The dimensions that will result in "least material" for the five sides are dimensions that result in "smallest surface area". So, the quantity that we have to "minimize" is the surface area, $S$.

We have to "minimize" the surface area, $S$.

$S=x^2 +4xy$

Remember, no top!

Next, we express $S$ as a function of, say, $x$. In order to do that, we have to express $y$ in terms of $x$.

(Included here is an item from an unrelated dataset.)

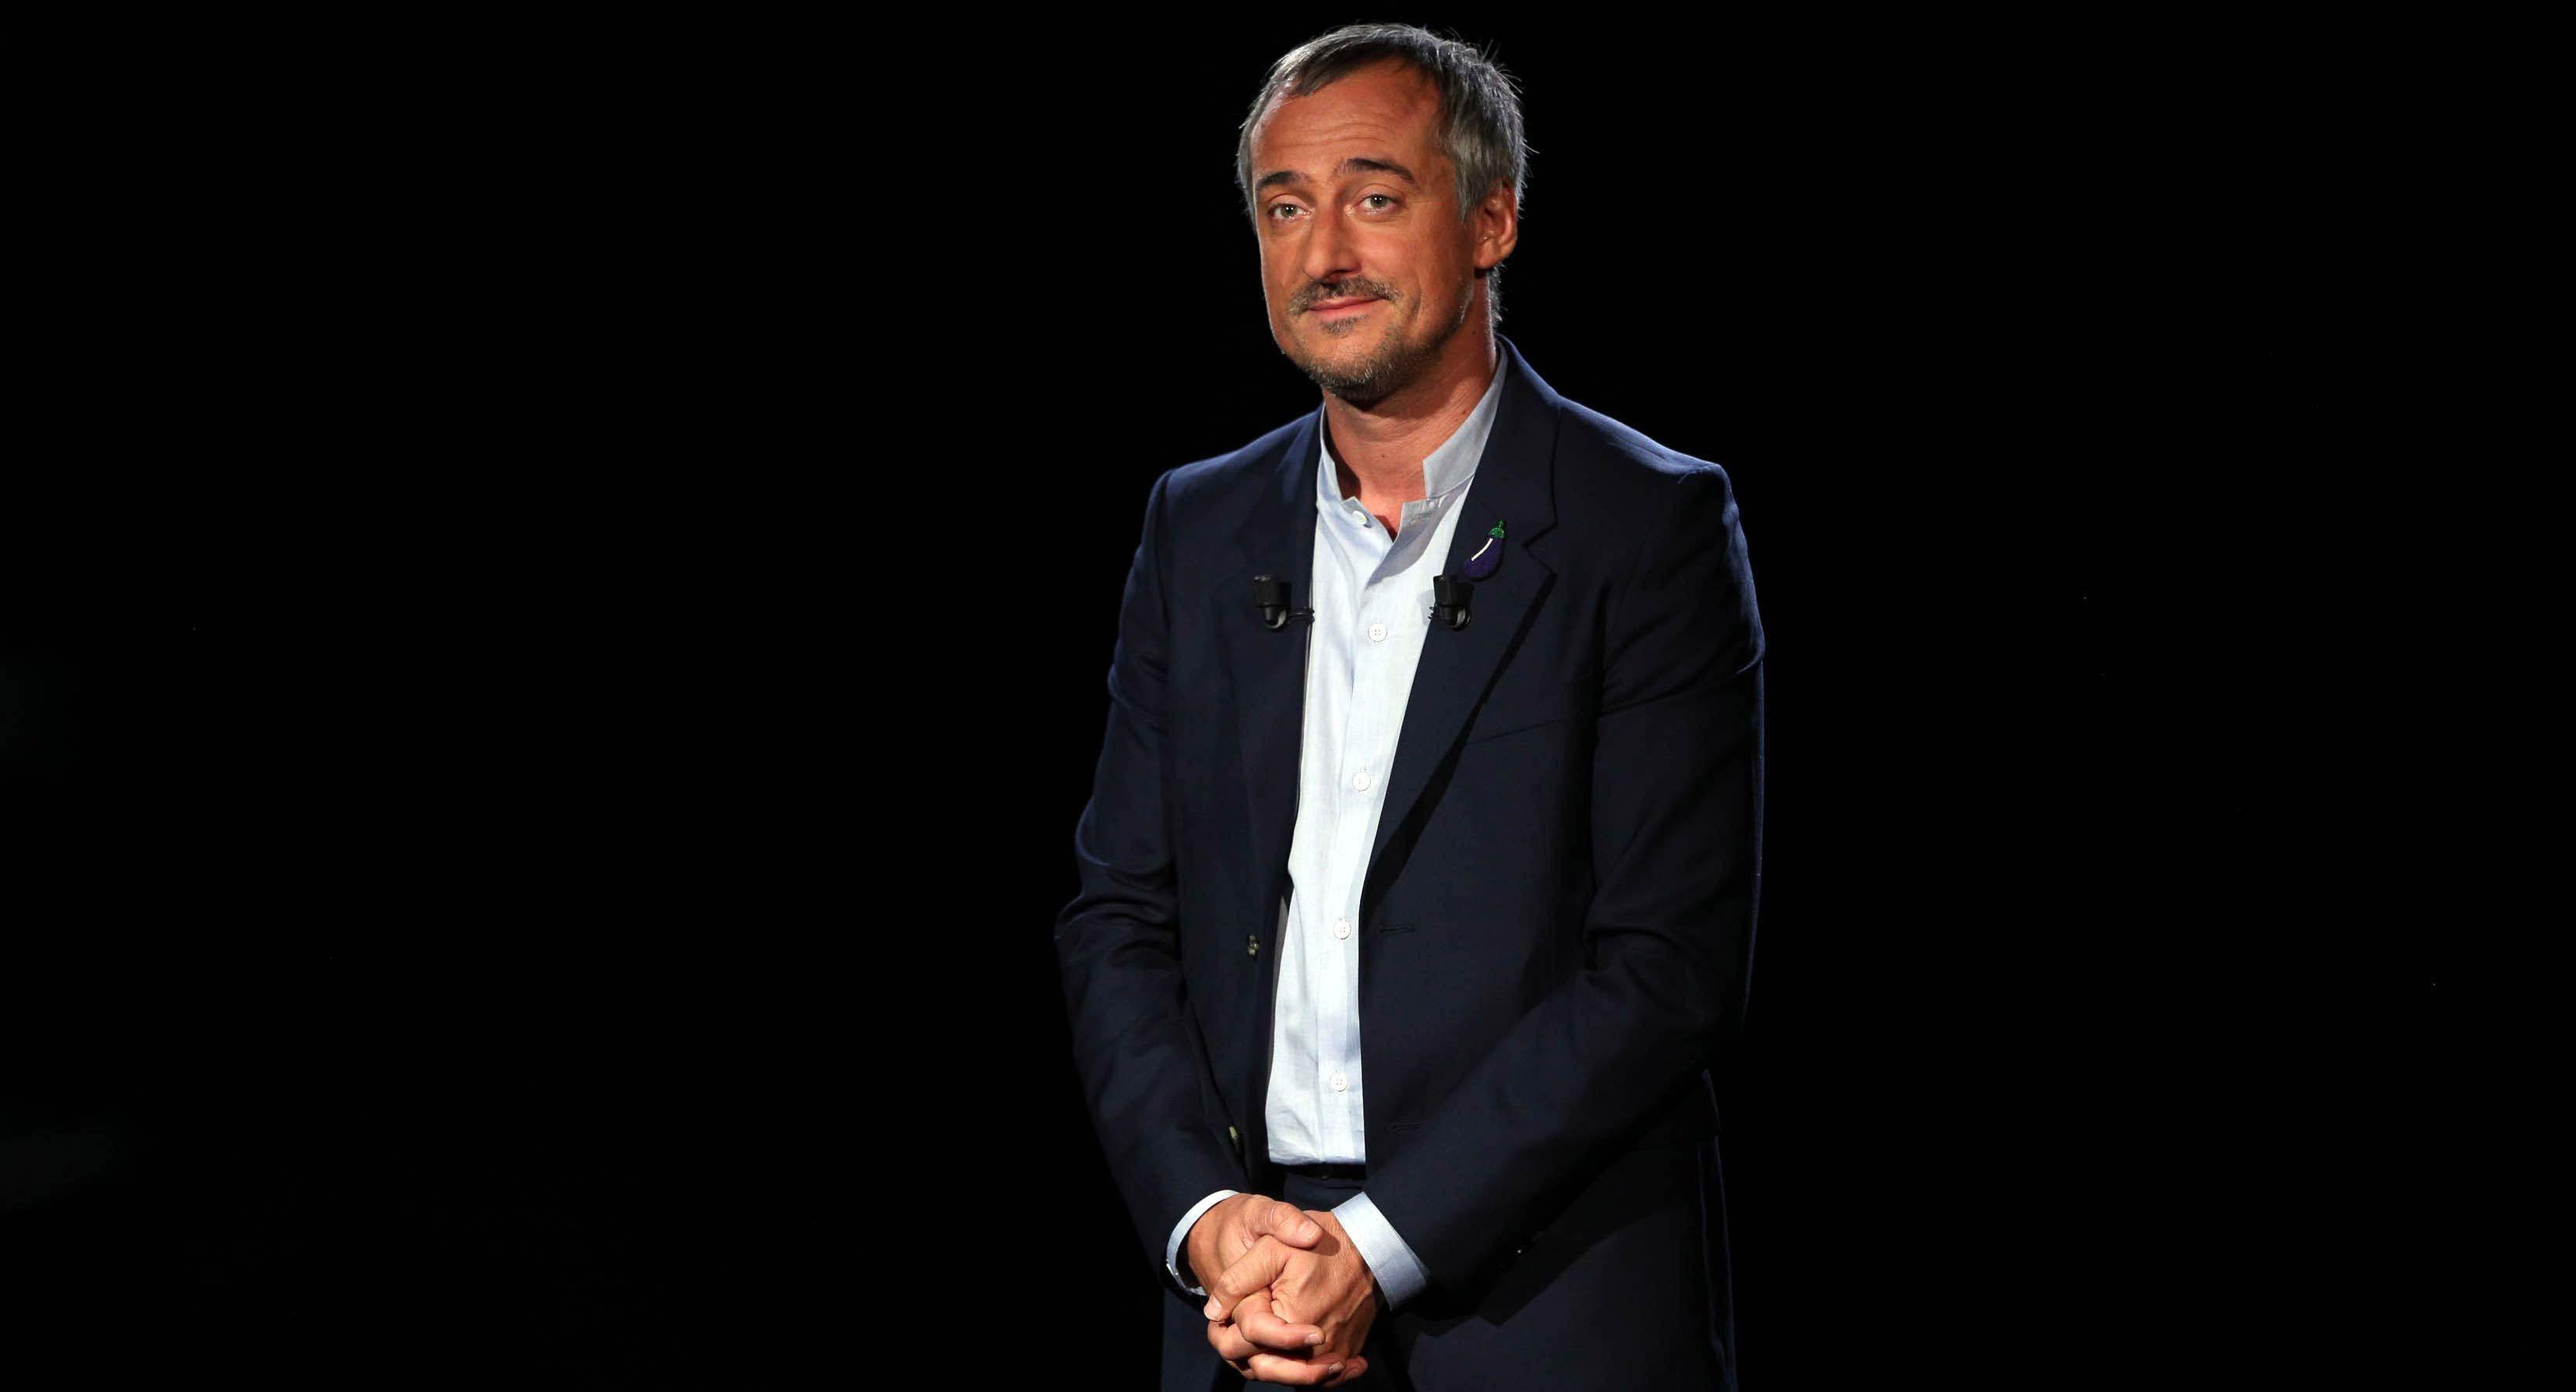 Le lexicul de Sébastien Thoen : définition du mot Fluffer

We know that $V=100$. Therefore,

$x^2\cdot \answer { y}=100$, and

$y=\frac {100}{\answer {x^2}}$.

It follows that

$S(x)=x^2 +\frac {400}{\answer {x}}$.

So, we have to find the (global) minimum of $S$ on its domain, $(0,\answer {\infty })$. We have to find critical points of $S$. Therefore, we have to compute $S'(x)$.

$S'(x)=2x-\frac {400}{\answer {x^2}}$.

We have to find critical points of $S$. So, we have to solve the equation

$2x-\frac {400}{\answer {x^2}}=0$.

It follows that $S$ has the only critical point $x=\answer {200^{\frac {1}{3}}}$.

Since

$S'(x)=2x-\frac {400}{x^{2}}=\frac {2(x^{3}-200)}{x^{2}}$, it follows that

$S'(x)<0$ on $(0, 200^{\frac {1}{3}})$ and that $S'(x)>0$ on $(200^{\frac {1}{3}},\infty )$.

This means that $S$ is decreasing on $(0, 200^{\frac {1}{3}})$ and increasing on $(200^{\frac {1}{3}},\infty )$. That means that the function $S$ has both a local minimum and global minimum at $x=c$.

So, the dimensions that minimize the surface area are

\[ \text {width}=\answer {(2) 5^{2/3}},\qquad \text {length}=\answer {(2) 5^{2/3}},\qquad \text {height}=\answer {5^{2/3}} \]